Profit of the benefits of a small camera like those which made Leica photographers famous (but not necessarily a Leica)
The first and utmost rule is still: "The best camera is the one you have with you." - Chase Jarvis
I am personally convinced that the importance of the camera is often overestimated. Nevertheless I made the experience that the use of a relatively small and unimpressive-looking camera combined with light efficient lenses is very supportive in taking spontaneous photos of decisive moments - almost unnoticed and in nearly every situation. A small and handy camera brings you closer to actual events and supports you in telling stories in a more dynamic and truthful manner.
Having this said enjoy just an example taken with a Sony Nex 7 and a (relatively large) 50 mm lens f/1.8, standing relatively close to the old lady.
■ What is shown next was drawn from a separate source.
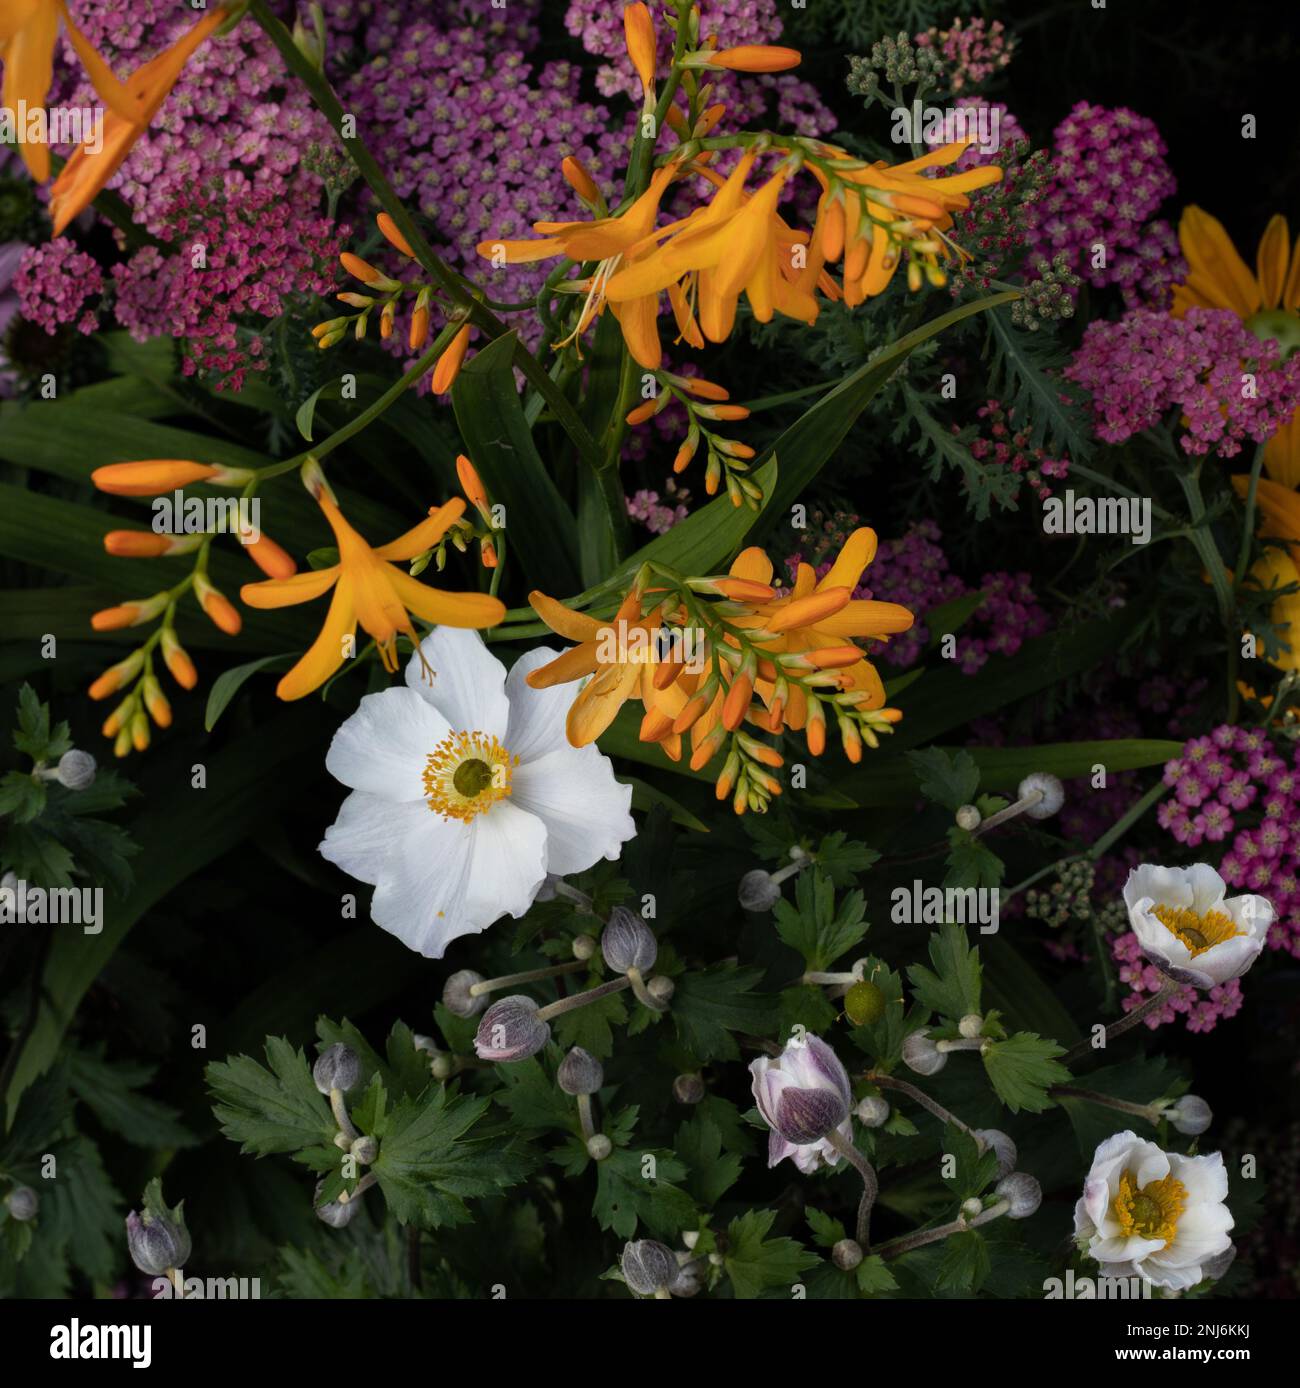 White, orange, pink flowers. White anemone flowers and buds, orange freesia flowers and buds, pink flowering shrubs, green foliage, black background. Stock Photo

my website - www.querformat-fotografie.de
Michael Ares (Los Angeles)
In street photography, I tend to view the world as my “scene”, with myself, the photographer, as the “director”, and the people walking around in front of me as my “actors”.
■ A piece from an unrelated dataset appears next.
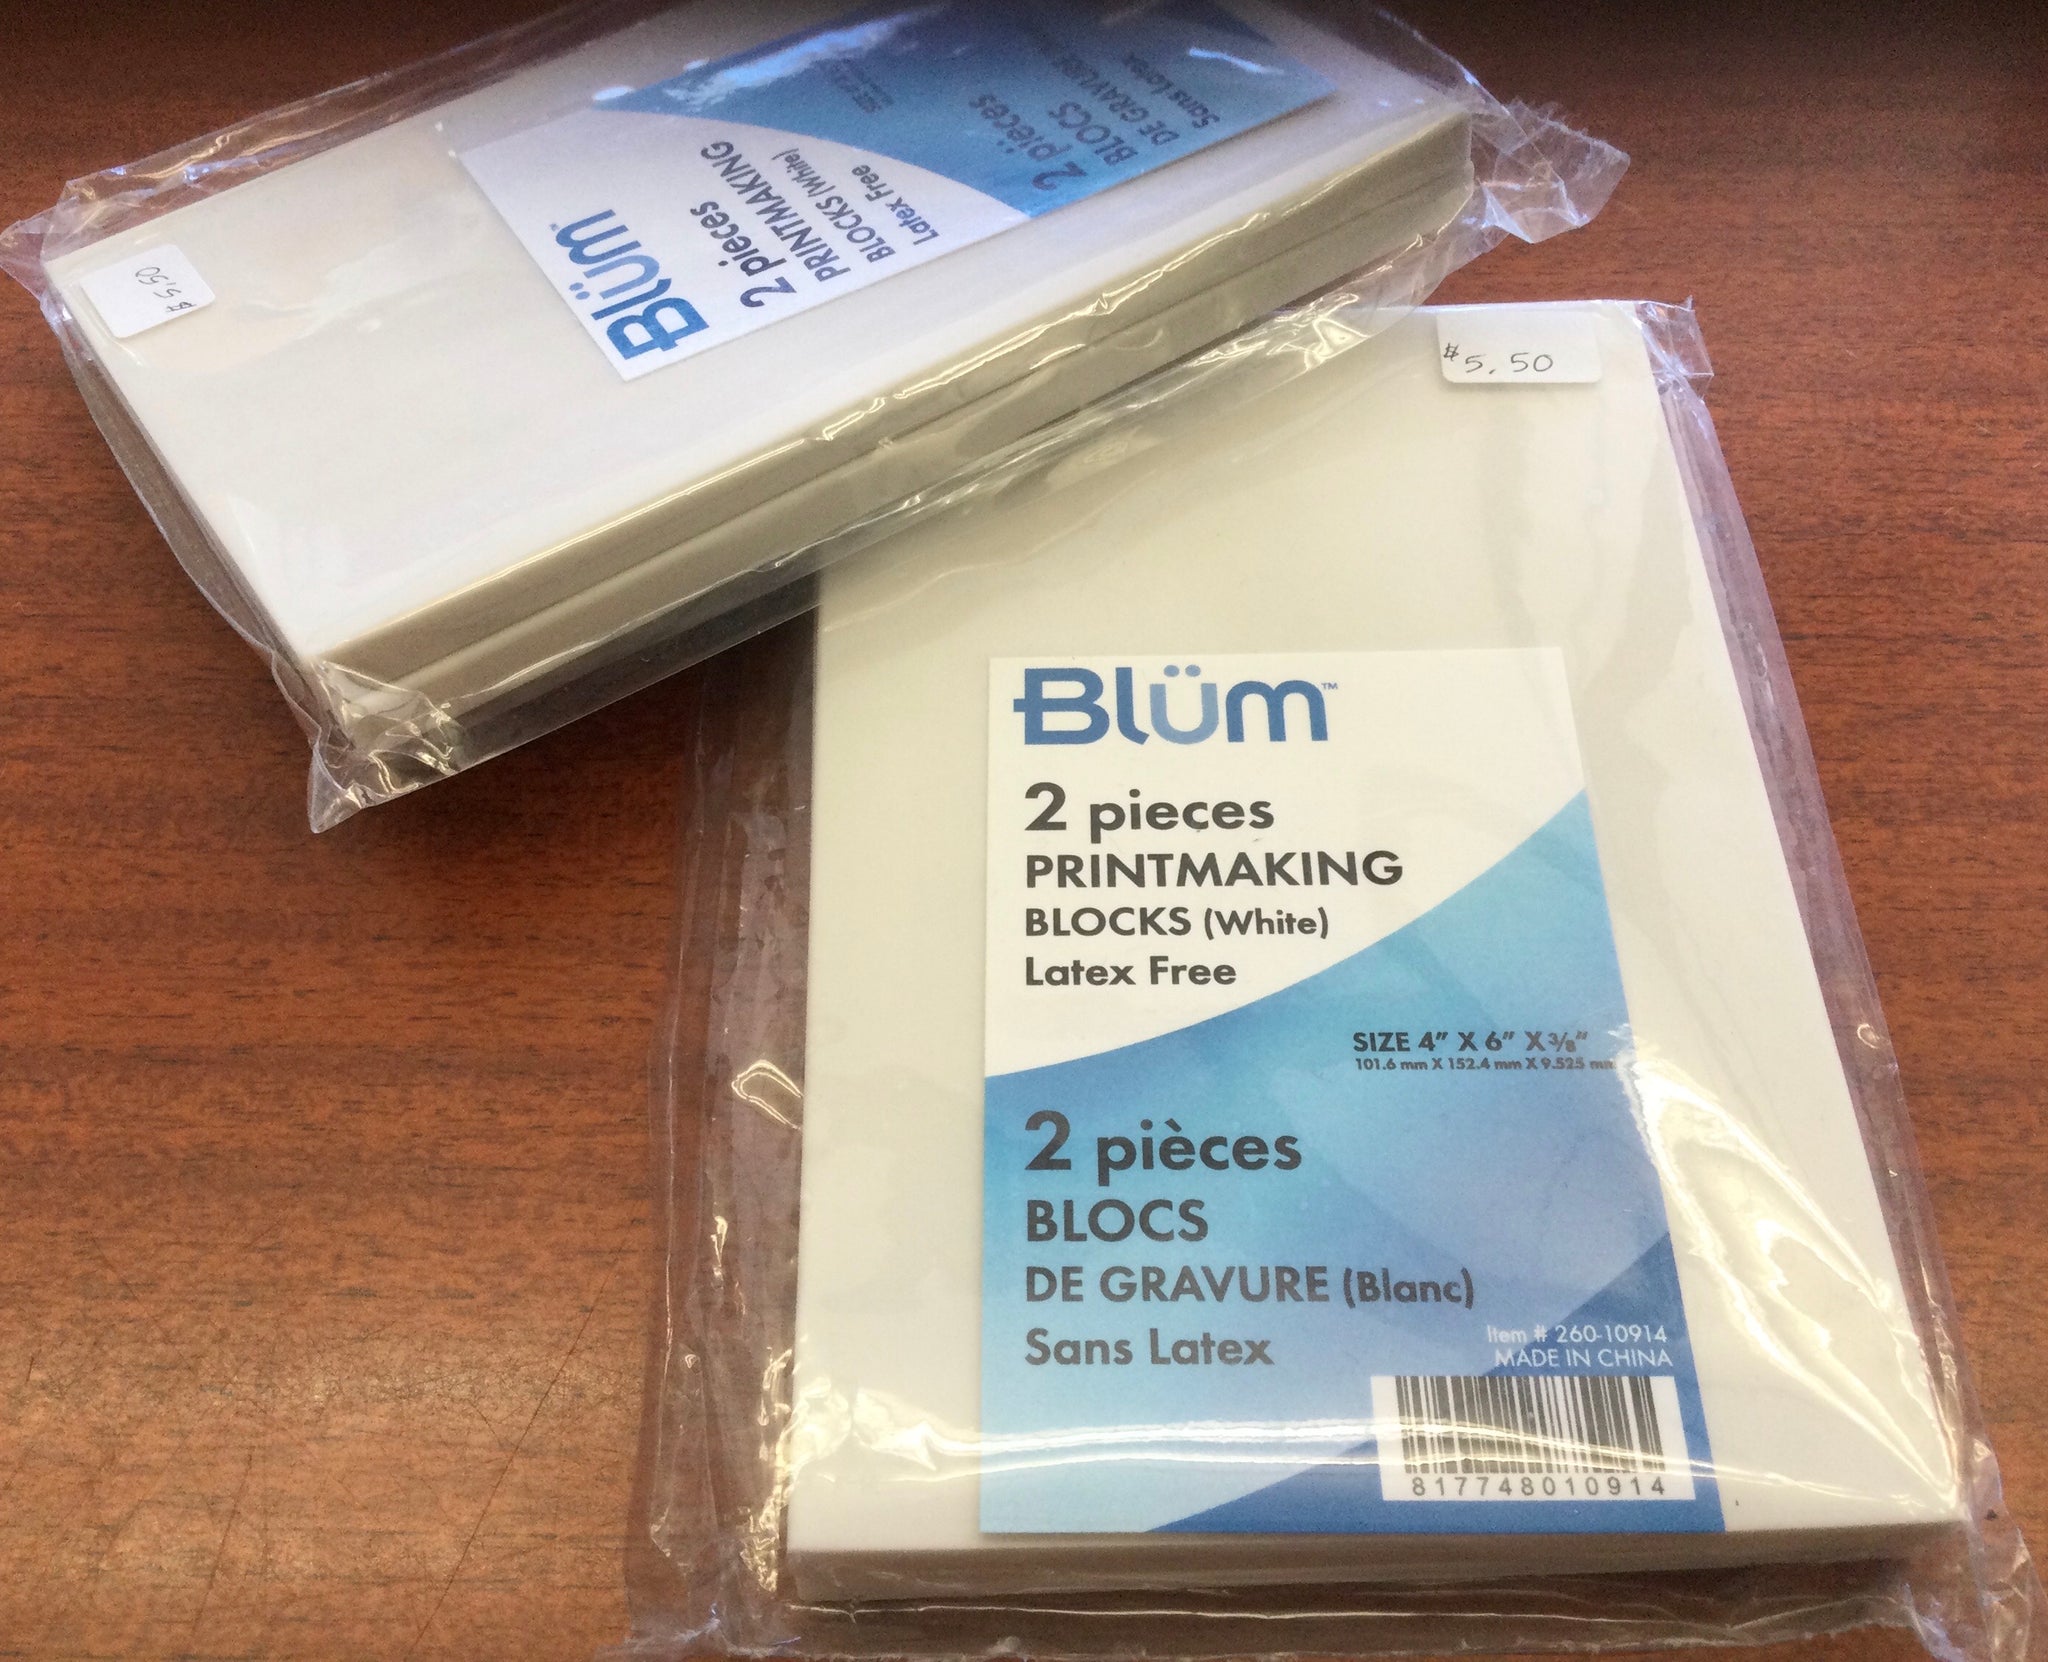 Blum 2 pieces printmaking Blocks white 4x6x3/8 inches

This method of thinking applies to all aspects of street photography, wedding photography, concerts etc., but the main topic that I want to address is the topic of “walls”.
To me, a wall is not just a wall, it’s the backdrop of your scene that adds more emphasize on the story that you want to tell (just like how a background scene sets the mood in a play).
I get frustrated sometimes when I see a beautiful wall that somebody photographs, but they lack the “right character”, or when they have the right character they don’t compose the image in a way that is pleasing to the eye. Walls that are painted or designed in a cool way require extra attention and extra patience to find the right actor and the right moment. When I want to incorporate a person with my wall, I want to make sure that the viewer is not only looking at the wall, but sees the connection between the wall and the individual in the picture. Sometimes I’ll stand in front of a wall from 10 minutes to an hour until I get that “connection” that I’m trying to achieve, and the end result is always satisfying.